Он вздрогнул и обернулся к мисс Драйлинг.
— Я теперь опять человек, — говорила любезно мисс Драйлинг. — Я к вашим услугам, дорогие мои… А ты моя родная, ты, надеюсь, была любезна с мистером Артингсоном, с этим чудным мистером Артингсоном! О, простите меня, простите, дорогой мой, сэр Артур! Мне теперь так хорошо, свежо после этого освежающего сна. Мне хочется болтать, шалить, как малому ребенку, и она обняла одной рукой Дженн, а другую протянула Артингсону.

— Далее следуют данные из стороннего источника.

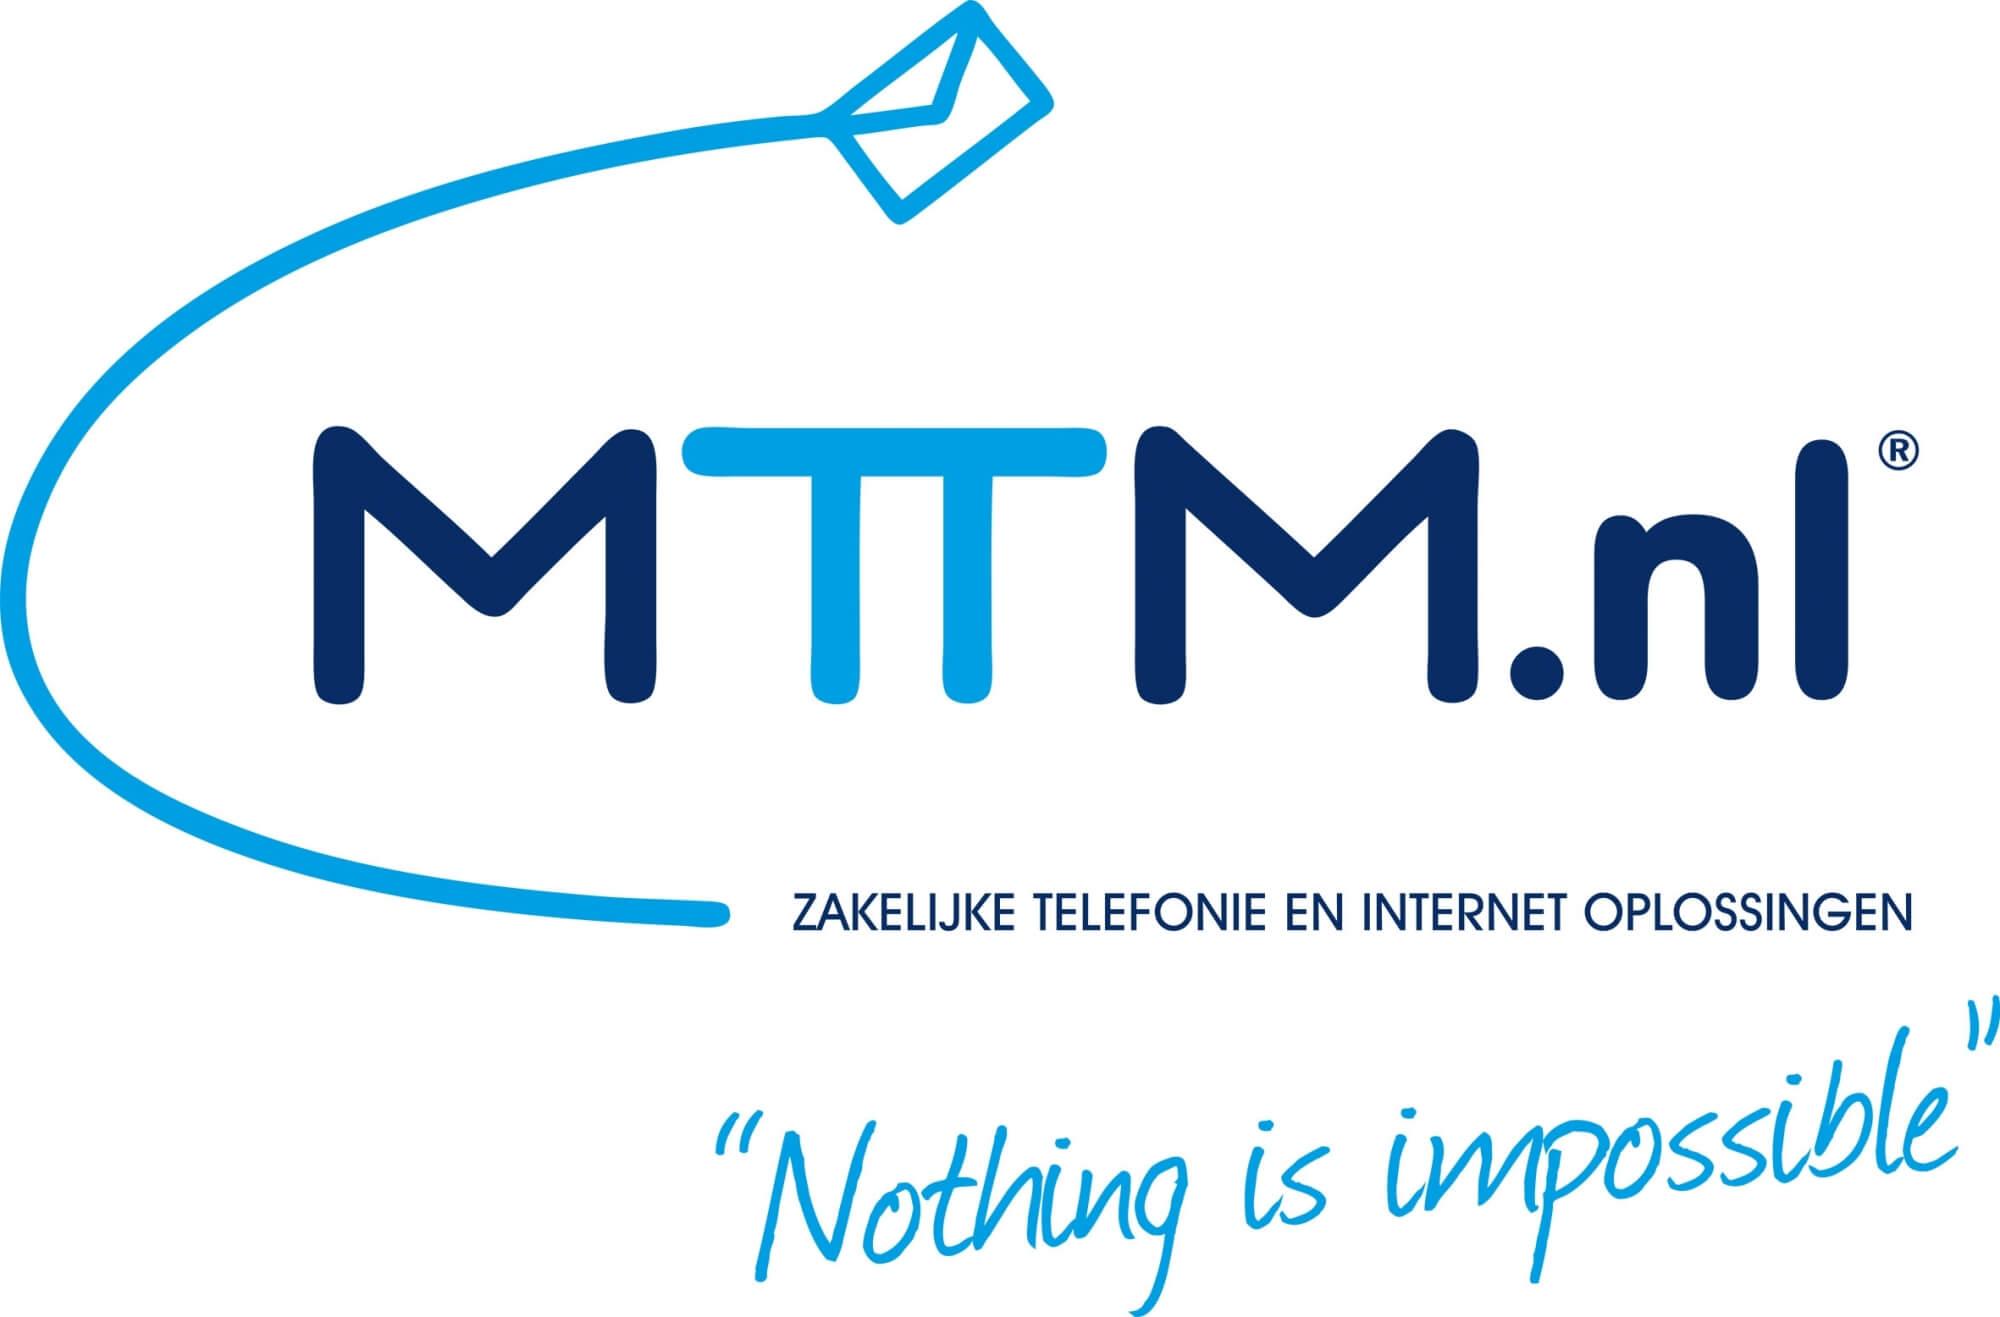 MTTM logo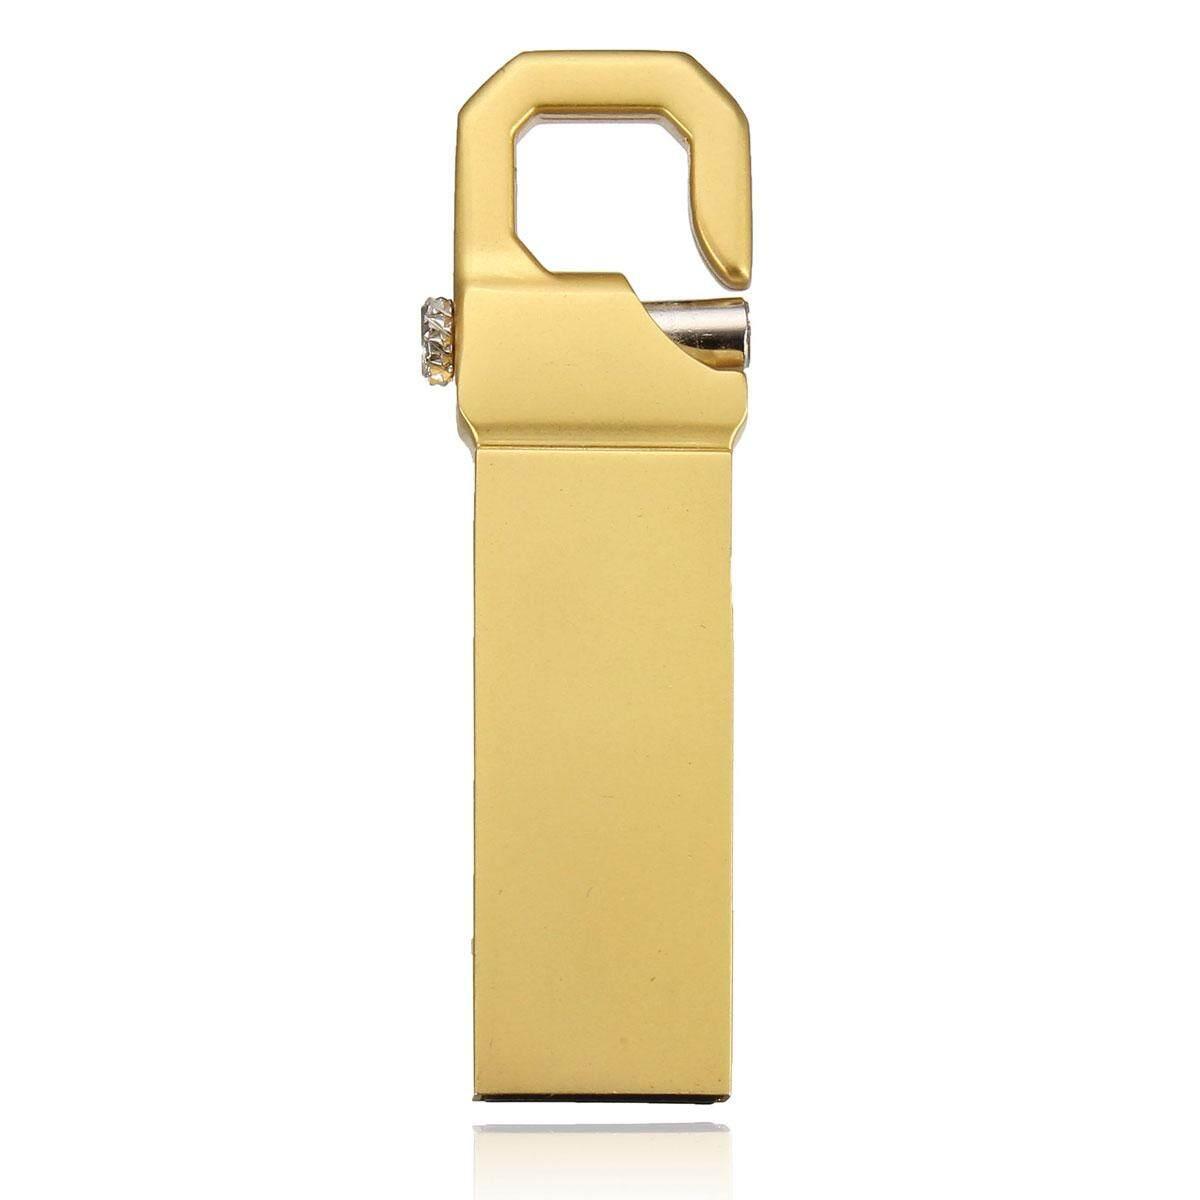 16 GB 16G USB2.0 Gantungan Kunci Logam Flash Penyimpanan Flashdisk Jempol Emas

И целый вечер она была бодра и разговорчива. Она припоминала самые смешные случаи из их прежней, молодой жизни. Но Артингсон рассеянно слушал и не отвечал её шутливому настроению. Внутри его проходили какие-то неуловимые, тревожные тени. Там открывался новый мир, новые вопросы, целый ряд вопросов. И Дженн сама не знала, что с ней творится. Что-то так же новое, небывалое, нахлынуло, обхватило ее и перевернуло все чувства и мысли. Все, чем жило её сердце так полно и беззаветно, все это вдруг показалось ей мелким. И эти все аппараты, и вся эта трудная, сложная работа, словом все, что она считала святым, высшим, великим, все вопросы «просвещенных» и только один вопрос, вопрос, который привел ее б смущенье: вопрос, что такое любовь? звучал во всем существе её. И всего сильнее смущало ее то, что она не могла теперь смотреть на Артингсона прямо, просто, как смотрела еще так недавно, как привыкла смотреть на всех, с самого детства.